Published online by Cambridge University Press: 05 January 2016
Examples of Middle Bronze Age cylinder seals, categorized today as “Old Syrian popular style” have been documented since the mid-nineteenth century, albeit usually without any dating or provenance information. This particular subset of the vast array of ancient Near Eastern glyptic has recently been studied by the author and an acquisition history identified for many of them. Here the disparate paths that brought some of these seals into museums and private collections are explored to demonstrate, not only the vagaries of where these eminently portable objects end up, but to highlight the importance for modern scholarship of documenting such histories.

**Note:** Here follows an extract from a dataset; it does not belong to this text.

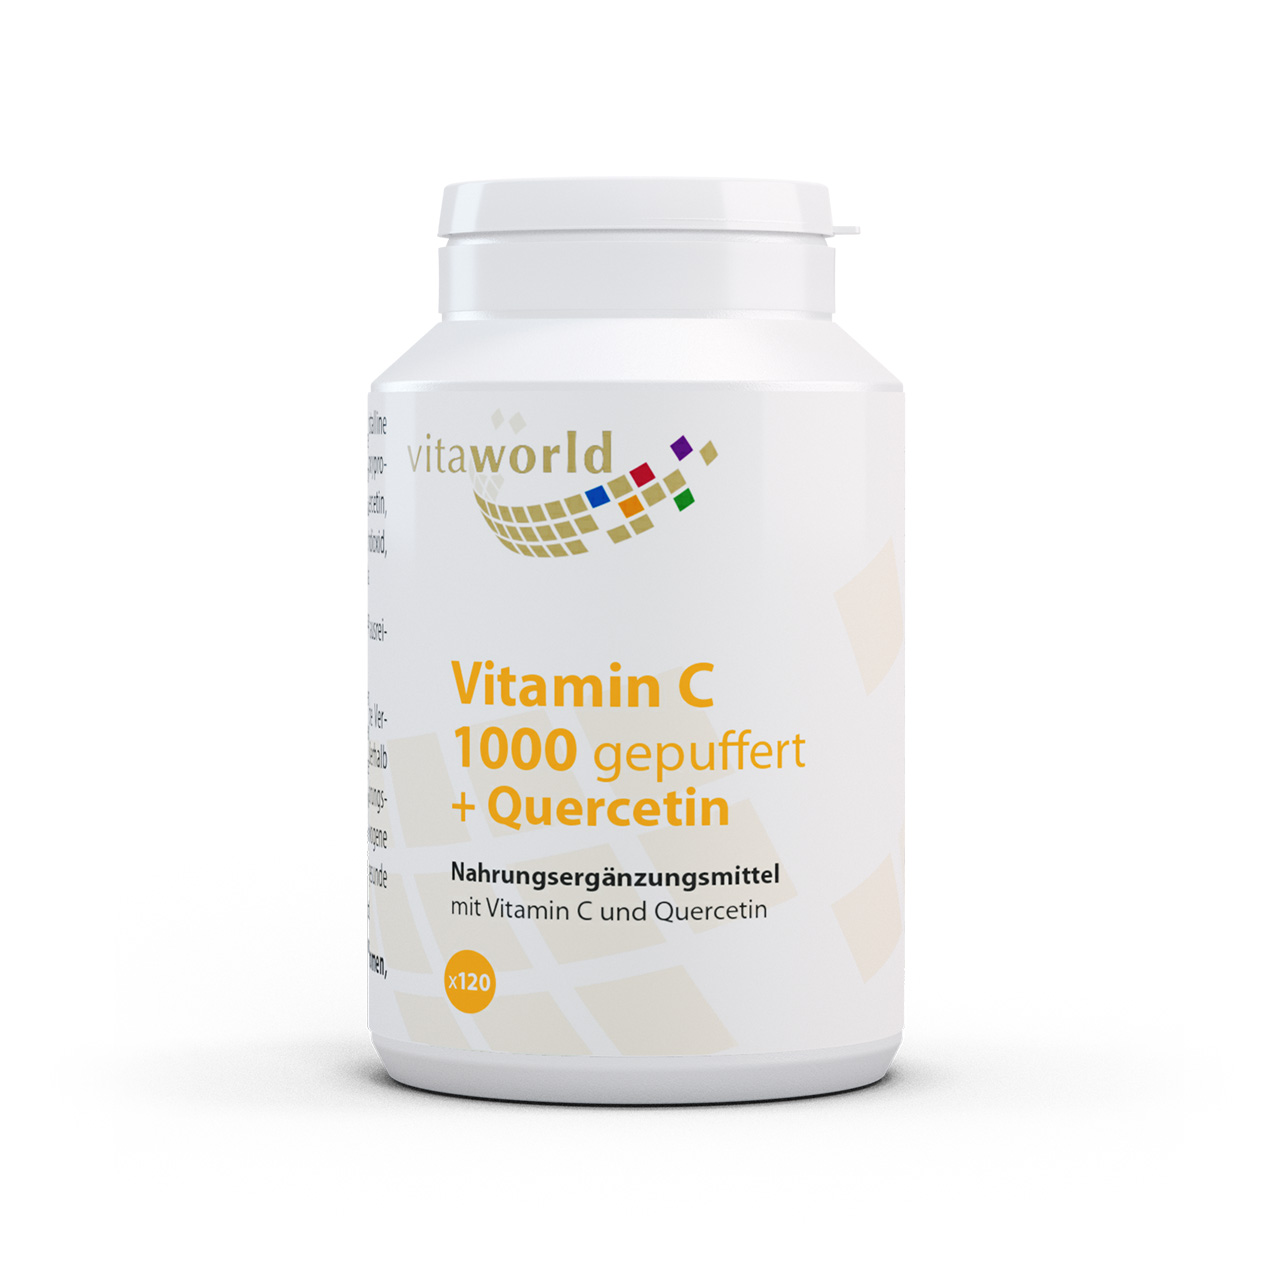 Vitaworld Vitamin C | 1000 gepuffert + Quercetin | 120 Tabletten - Sanfte Unterstützung für Immunsystem & Antioxidation

As many of Dominique Collon's recent articles have been included in volumes in honor of her colleagues, it is a pleasure to offer here some insights into the acquisition history of a selection of the seals included in my doctoral thesis, which owes so very much to her. The details presented here derive from research for a Columbia University dissertation entitled Old Syrian Popular Style Cylinder Seals (Porter 2001). The basis for the investigation of this seal type evolved out of a seminar conducted by Edith Porada and John M. Russell in spring 1989 at Columbia University. My research started under the aegis of Edith Porada (see, for example, Porada 1993: 575, n. 40), with whom I conferred closely while forming the corpus, and she was able to attend my first lecture on this subject in April 1990 as part of the Metropolitan Museum of Art's colloquium for fellows. In the end, this doctoral study was completed under the guidance of Dominique, who had studied with Dr. Porada in the late 1960s and defended her Columbia dissertation in 1971 (Collon 1975), thus she returned to New York thirty years later for the other side of the table. A few of the seals discussed here and in the dissertation were included in Dominique's book First Impressions: Cylinder Seals in the Ancient Near East (Collon 1987; 2005).